Humanising AI in Digital Skills Training: Adapting to Real-World User Needs

Introduction

It might have made sense for me to be up here already, but I wanted to do that little jog. It's a bit like the generation game or something. Get a little bit of applause.

Can I see a show of hands? Has anyone here ever heard of Novella? No, that's good. I see a couple of like awkward laughs as if I'm gonna be offended.

You're not meant to have heard of us. So I'm assuming no one has used our product yet. No, no budding marketers in the room.

Overview of Novella

So Novella, what I'm going to do tonight in a very succinct 15 minutes is I'm going to show you a very quick demo of the product so you get a sense of what I'm talking about.
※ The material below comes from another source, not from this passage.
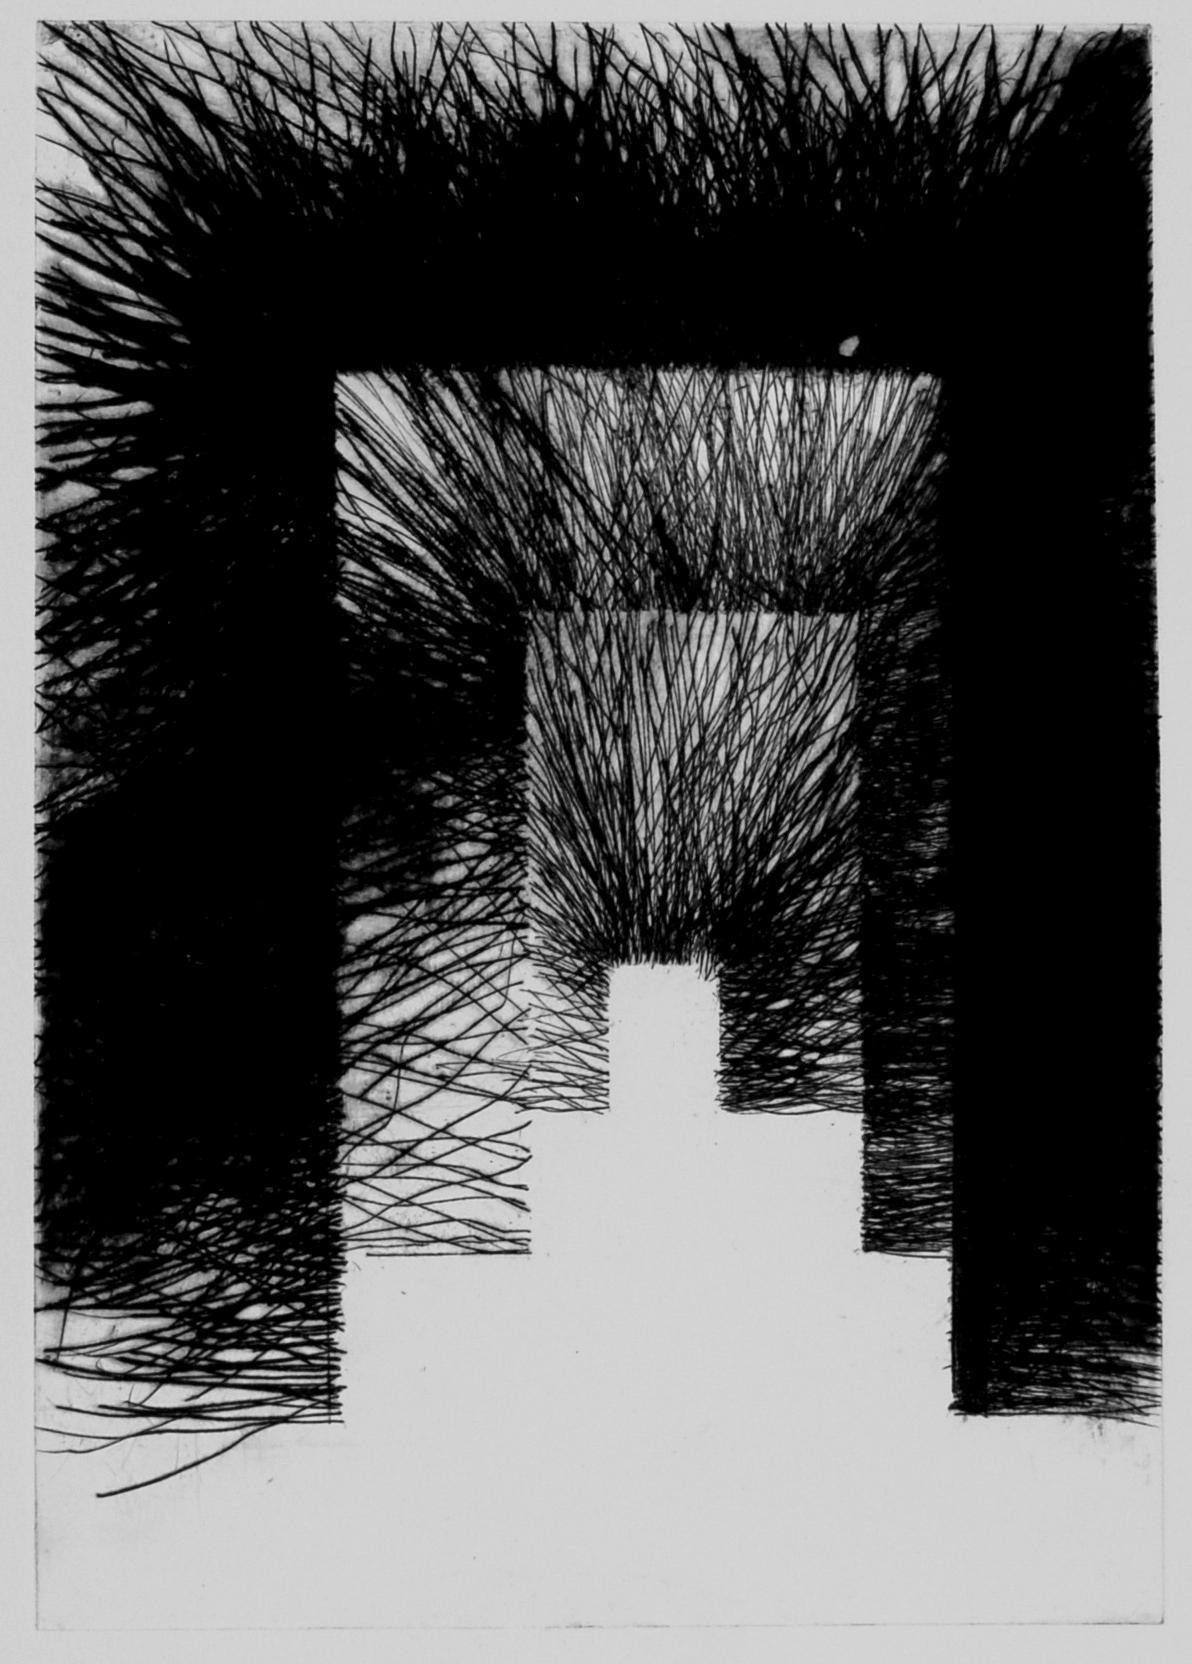 12.04_PORTES_EXPOSITION_IMAGES_GRAVURES_09

And then I'm going to show, if I haven't already, my deep, profound intellectual limitations, because I'm going to talk to you about things that surprised me. things that I learned in the process of building this product, things that are probably common sense to you, but they hit me right in the head when this product went live.
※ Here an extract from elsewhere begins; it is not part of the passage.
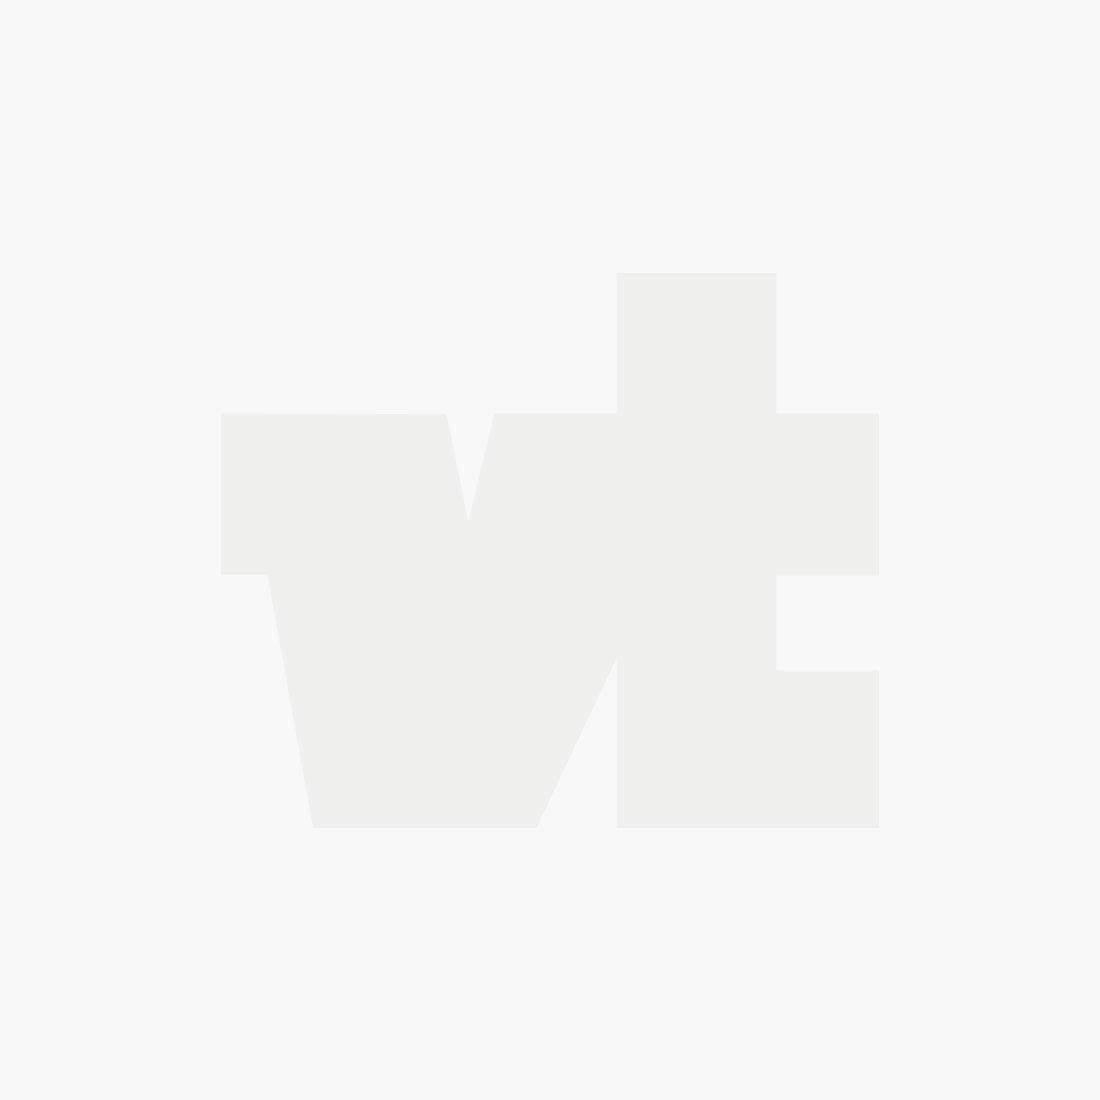 Theq run black dk grey

I went in with a lot of assumptions. 1We launched a lot of AI products as part of this tool suite, and seeing users use it in the wild was pretty interesting.

We actually have two academic studies running at the moment to try and bear out what I'm going to say to you. But for the moment, it will be anecdotal, but I'll try and jazz it up.

Origins and Purpose

Novella, the idea with this tool is that it is a simulation, and it is first and foremost for digital marketing. It comes from two pain points that I had as two different user types.

I started digital marketing 15 years ago, and I was terrified. I'm terrified of most things. That's another limitation of mine, but in digital marketing, I was thrown in at the deep end.

I was spending American Express's money on day one. I didn't have a clue what I was doing. I did learn. I learned by being very timid and trying not to make mistakes because they're expensive. And I always wished there was more of a playground that I could play in. I could just spend money and see how it acted and really get to understand the technology behind all of this.

What is Google trying to do? I never really grasped that.

My second pain point, I am a business school professor, so I'm now trying to teach marketing. And I'm teaching marketing normally by showing them slides of Google Ads 15 years ago. I say, yeah, this is what it's going to look like out in the wild. These people aren't going to get jobs in digital marketing.

It's a practical field. It really is. It's a very, very practical field, but we're trying to teach them through passive methods.

Now, the grander vision is, I think, video-based learning needs to quietly die and it should all be a lot more interactive.

Product Launch and User Interaction

But anyway, I'll show you the tool so you know what I'm talking about as I dig in to, first of all, what we did when we launched the product. Second, what happens when the users interacted with it? That really showed me how idiotic I was being. And third, what does it look like now? So what's the change in the product?

So I used to work for Burberry. I've based the first couple of simulations around that experience.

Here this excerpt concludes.